PGA Championship Recap
Aronimink Golf Club · May 14-17, 2026
Let's not sugarcoat it: our headline picks at the PGA Championship were a disaster. Hatton, DeChambeau, Snedeker, and Woodland all missed the cut. But buried at pick #12 on our 15-player value list was Aaron Rai at $281 — who just became the biggest longshot major champion in two decades. Golf is humbling. Models are humbling. Here's what happened.

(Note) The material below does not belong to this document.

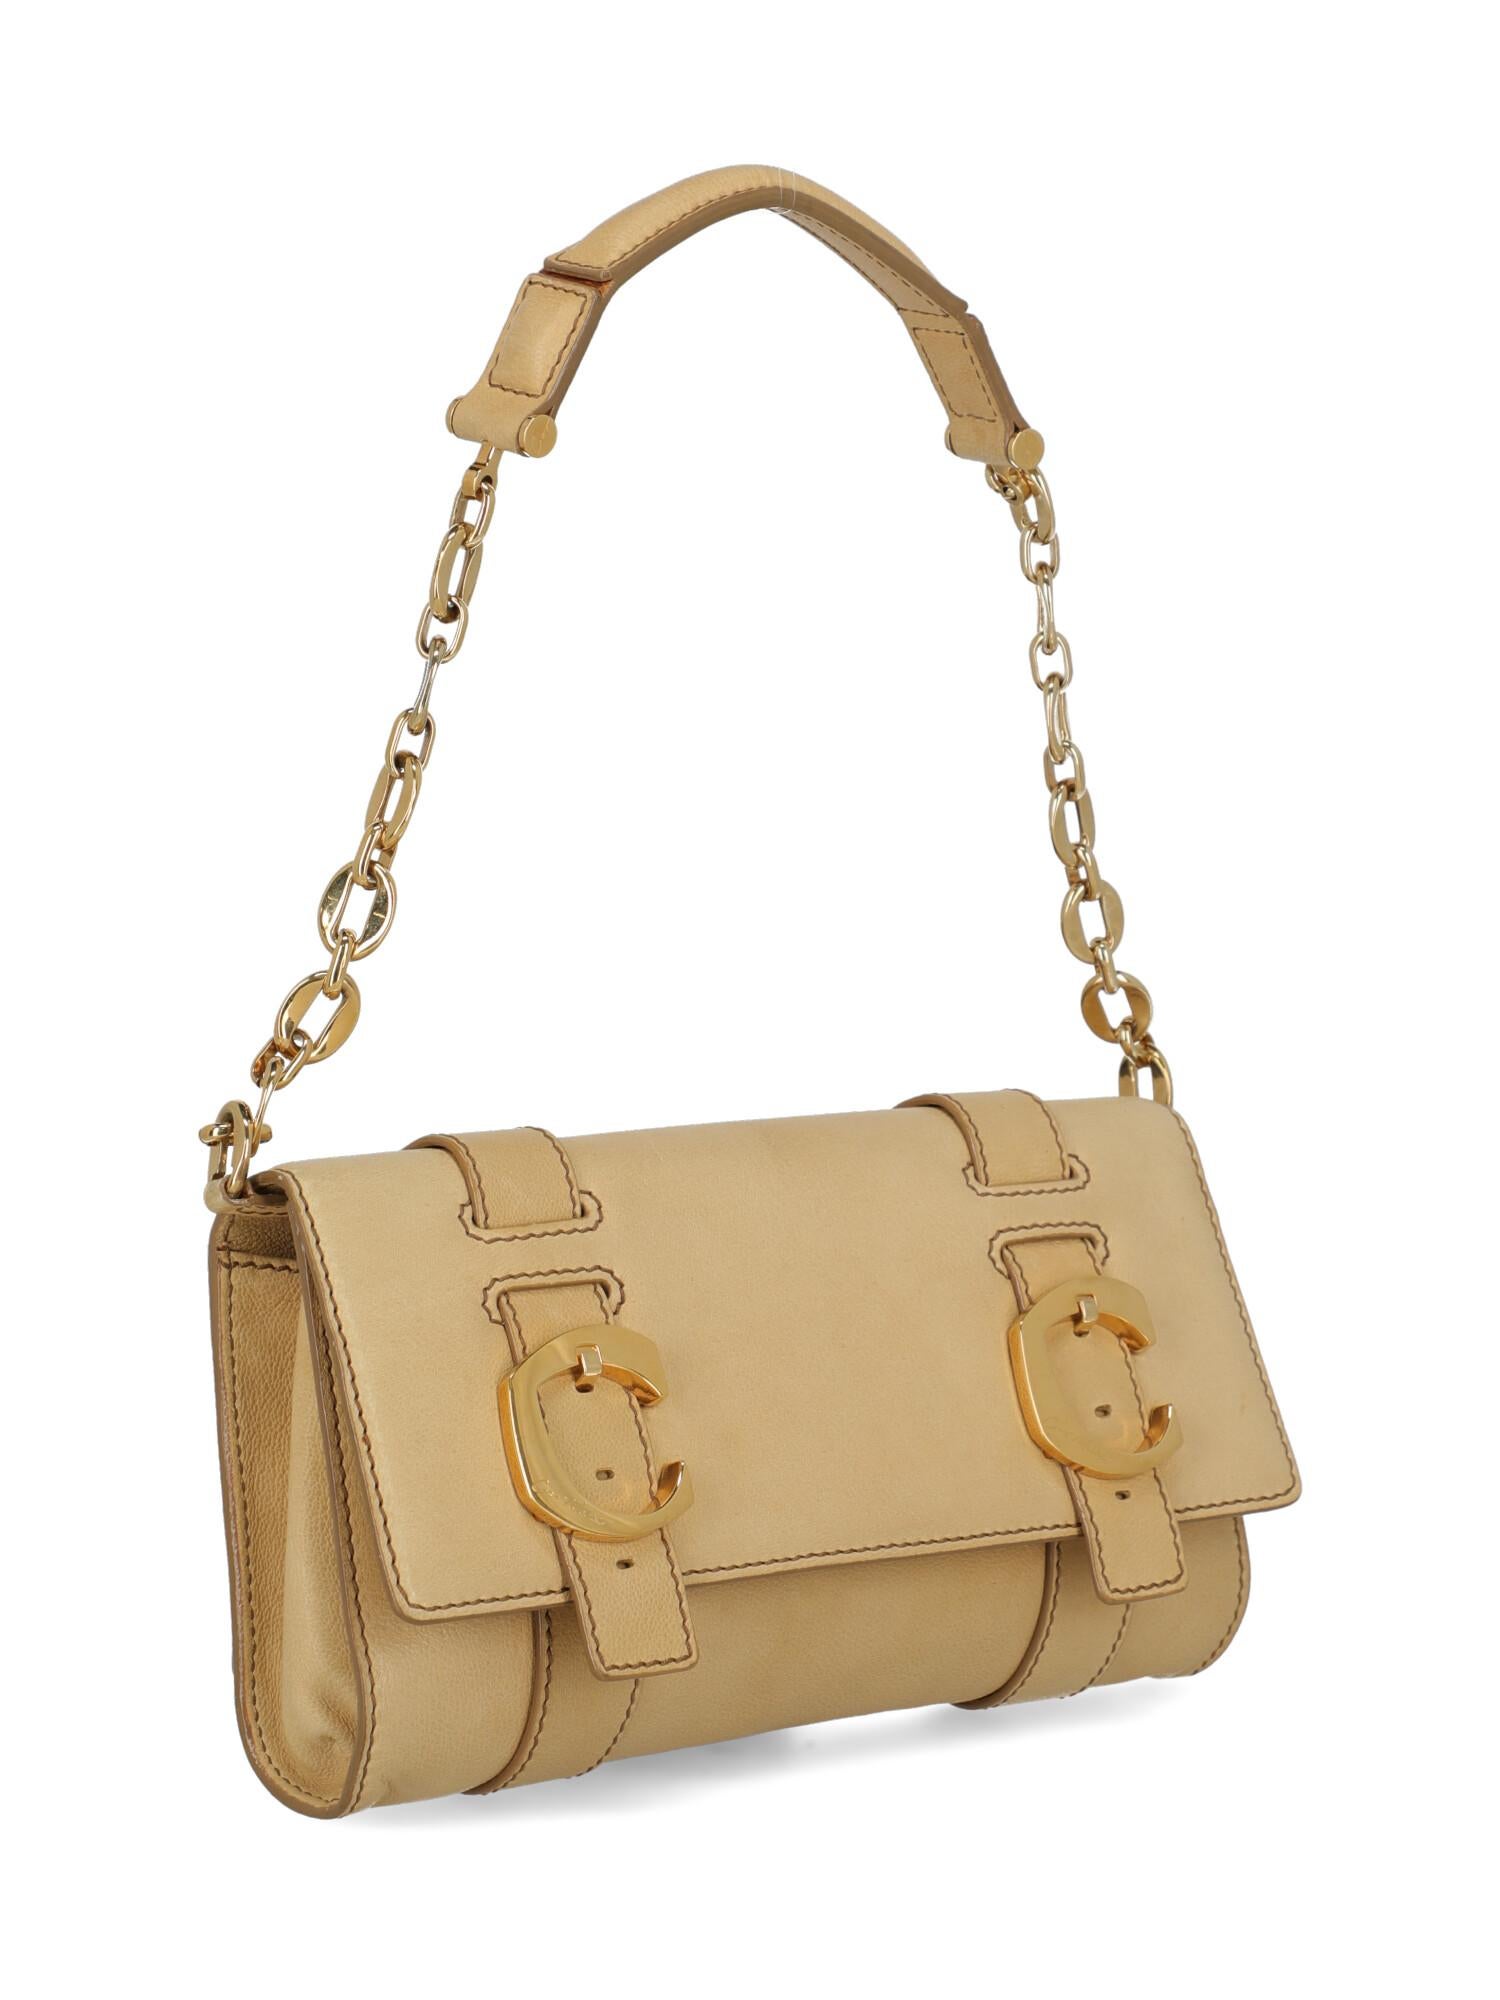 Corto Moltedo Woman Shoulder bag Beige Leather In Fair Condition For Sale In Milan, IT

The Winner We Found (But Didn't Feature)
Aaron Rai — $281 · Pick #12 of 15
Our model: 0.8% win · +0.42pp edge · +2.67pp T10 edge
Rai shot a final-round 65 (-5) to win by three strokes over Jon Rahm and Alex Smalley. DraftKings had him at 290-1 before the tournament — the biggest longshot to win a major in at least 20 years, surpassing Phil Mickelson's 2021 PGA Championship win. He's the first Englishman to win the Wanamaker Trophy since Jim Barnes in 1919.
Our model gave him 0.8% win probability against the market's 0.36%. That's a genuine edge — and at $281 the overlay was real. The problem? He was 12th on a 15-pick list, so he didn't make our featured selections. A lesson in not over-filtering.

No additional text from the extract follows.